Just bought a HP P400 Smart Array Controller with backup battery off Ebay for £40, see if it does what I want, if not, sure I'll get my money back on it.
Yep, that is a nice price for the unit. You may want to check what condition the battery is in when you get it.
As the P400 is a SAS controller (not a native SATA controller) you will need to get the correct cables to link the drives to it. I believe the unit uses the SFF-8484 connectors so you will need two sets of SFF-8484 -> 4x sata cables which can be had cheaply on ebay.
The controller is PCIe 1.0(a ??) so supports 2GB/s over 8 drives but it only supports SATA I (150MB/s). This should be fine for all mechanical hard drives but a little slow for SSDs. The controller also seems only to support up to 1TB drives by the spec sheet
here. I am sure someone can confirm this though.
LSI 1068 based controllers are usually worth a punt. The 3081E-R, Dell 6ir or the IBM BR10 or various others. These units use the newer SFF8087 -> 4x SATA cables (apart from the Dell which still uses the SFF-848), certainly support 2TB drives (I have had some hanging off my old ones) and work very well. The LSI 1068 chipset supports SATA II, specs
here.
If you want to move to the current generation then you could do worse than look at the LSI 9211 which is a 6Gb/s per channel (x8 channels, one for each device) and is PCIe 2.0 compliant meaning it cat push upto 4GB/s to the motherboard.

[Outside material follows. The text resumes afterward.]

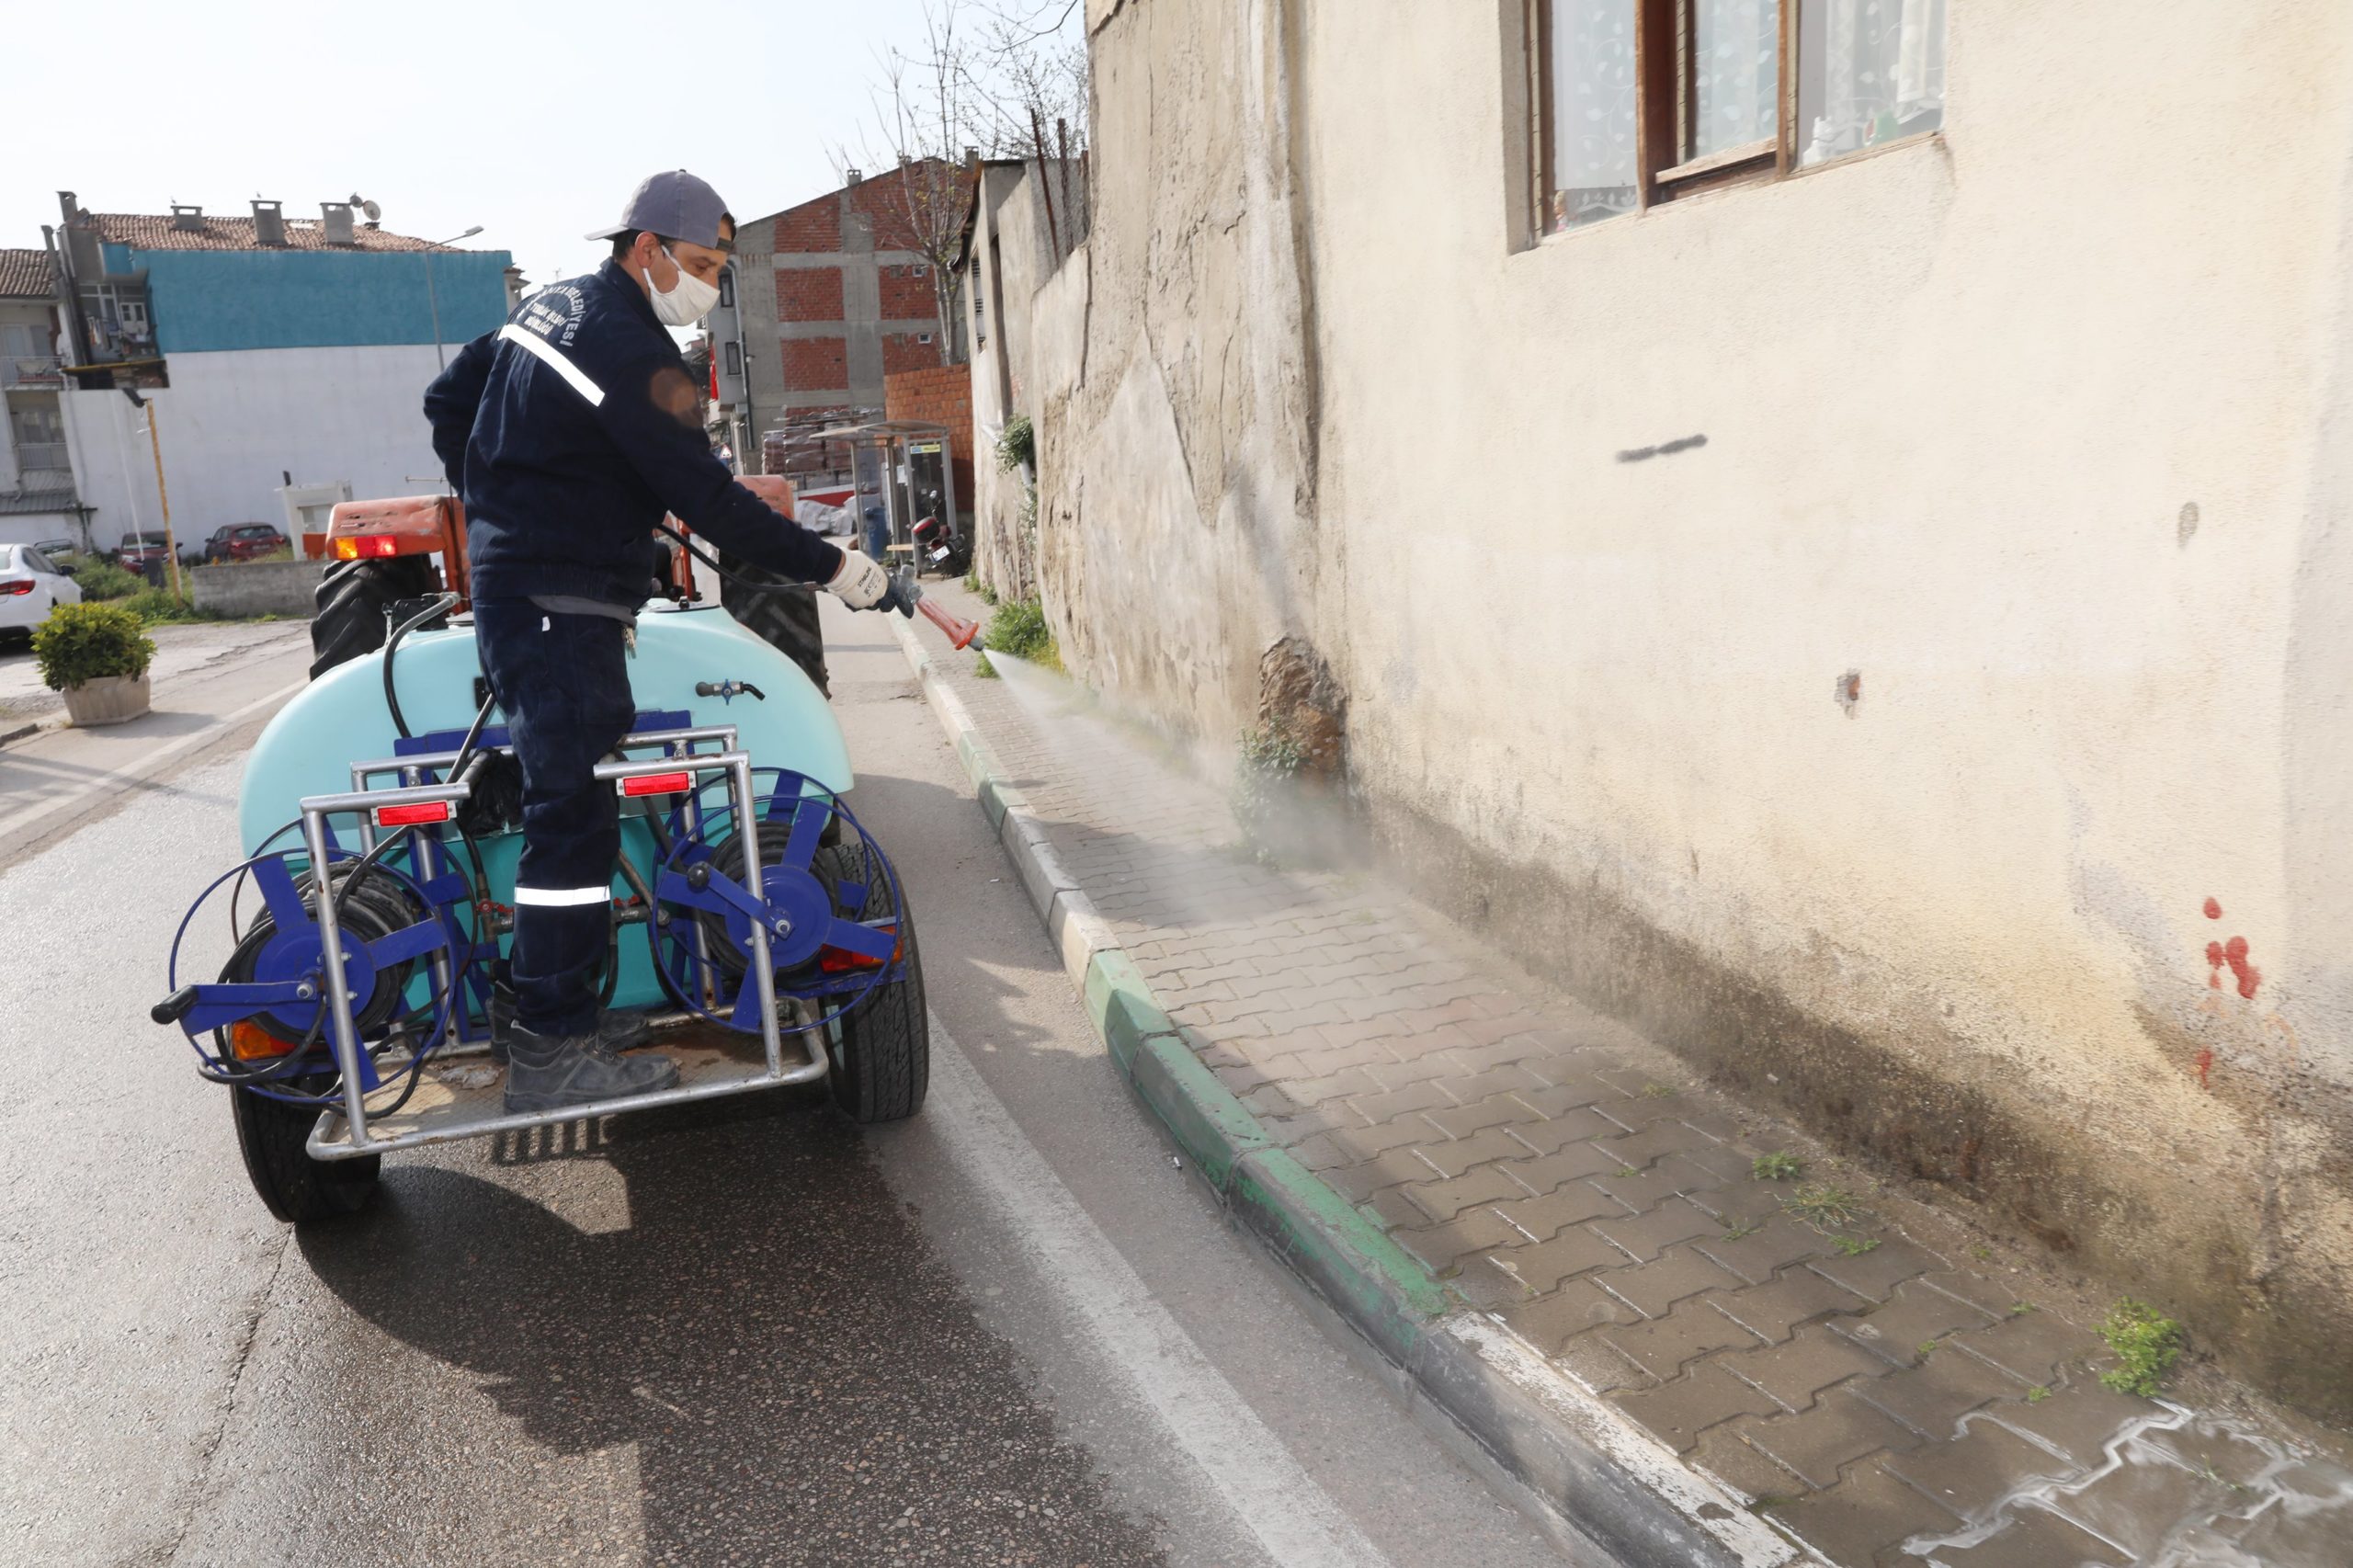  Mudanya Belediyesi, Koronavirüs Varyantlarına Karşı Temizlik Çalışmalarını Yoğunlaştırdı

Just as a tip, the IBM M1015 is based on the LSI 2008 SAS chipset (like the LSI 9211) and can sometimes be found on ebay and a certain on-line book shop for silly prices. If you then reflash the cards with the LSI 2008 firmware you end up with what is essentially a 9211. The caveat is that the flash software does not work on all motherboards (google flashing IBM M1015 for lots of advice). At worst the M1015 is still a nice SAS controller. There is one in the US selling for around US$70 on that book shop. I got two for just over US$100 each and have them in my ESXi 20 drive server.
Having a google for 'Home Server' should bring up a few sites with info on stuff like this if you want to dig a bit further.